The epicenter of American surf culture had clearly shifted from San
Onofre to Malibu.
Tubesteak Tutors Kemp Aaberg, May 21, 1956
"A goofy foot struggles to learn to surf at Malibu by attempting to
ride the entire wave from outside to inside in an awkward, backslide
stink bug squat," wrote surf historian Craig Stecyk of a notable day
in Malibu history. "Watching this painful exercise is more than
Tubesteak can tolerate, so he invites the earnest lad into his own
private barb wire fenced beach domain and offers a few words of
advice, 'Look kid, when you ride a wave that's a perfect right slide,
I think your life would be a lot easier if you turned and faced the
wave.' Enough said, the youngster immediately made the switch.
Following this reorientation, Kemp Aaberg becomes one of the
consummate point stylists and is forever after welcomed to join the
other elite inside the fence."
Gidget, the Girl Midget, June 27, 1956
June 27, 1956 was a day destined to change Malibu history forever.
This day, a girl who wanted to surf made her way into the Malibu
domain where she was acknowledged almost immediately.
"Probably it was the Gidget movies, books and magazines," suggested
Young, "that did as much as anything to bring surfing to the masses.
Malibu had become a prestige area, and many sons and daughters of the
wealthy people who lived along the coast became involved in surfing...
and the 'surfers' who went with it. At the time these included Dewey
Weber, Mickey Munoz, Kemp Aaberg, Bob Cooper, Mike Doyle, Jim Fisher,
Micky Dora, Johnny Fain, Tom Morey, Robert Patterson and 'Tubesteak.'"
"I remember the first time Gidget came down the stairs at Malibu,"

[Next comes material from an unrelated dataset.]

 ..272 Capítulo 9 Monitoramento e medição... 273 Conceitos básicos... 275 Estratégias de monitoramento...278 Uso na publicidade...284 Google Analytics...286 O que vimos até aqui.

wrote Mike Doyle. "She was only about five feet tall, weighed less
than a hundred pounds, and was carrying a borrowed surfboard that was
so big, one end of it was dragging in the sand. She really caught our
eye because there weren't a lot of girl surfers then. Tubesteak said,
'Gee, here comes a girl.'
"Somebody else said, 'God, she looks like a midget to me.'
"'Yeah, a girl midget - a gidget.'
"Somebody else started giving her a hard time, saying 'Whatta ya think
you're doing? Don't you know girls can't surf?'
"Gidget (whose real name was Kathy Kohner) stopped halfway down the
stairs, practically in tears. Tubesteak, who had a soft heart and
needed a girlfriend, went over and said, 'Hey, it's okay if you surf.
Come on down.'"
So, Tubesteak was the guy who first named Gidget. "According to
Tubesteak himself," wrote Young, "about the last week in June 1956 he,
Mickey Munoz and Micky Dora were standing on the incline above Malibu,
checking out the waves, when a young surfer in a baby-blue ski parka
pulled a new Velzy/Jacobs board from the rear of a Buick convertible
and headed off down the path.
"'Hey,' shouted Dora, hassling the new arrival. 'Go back to the
valley, you kook!' shouted Munoz. The stranger got such a shock he
stumbled and the board tumbled to the rocks below. Tubesteak told the
others to shut up and went to help and discovered the new arrival was
a girl. A very short girl!
"'For Chrissake,' mumbled Tubesteak, 'it's a midget, a girl midget, a
goddamn gidget!'
"The girl was not amused. 'I'm not a gidget,' she yelled. 'My name is
Kathryn -- and you can keep your filthy hands of me, you creep.'
"Tubesteak laughed. 'Hey Gidget, see you around.'"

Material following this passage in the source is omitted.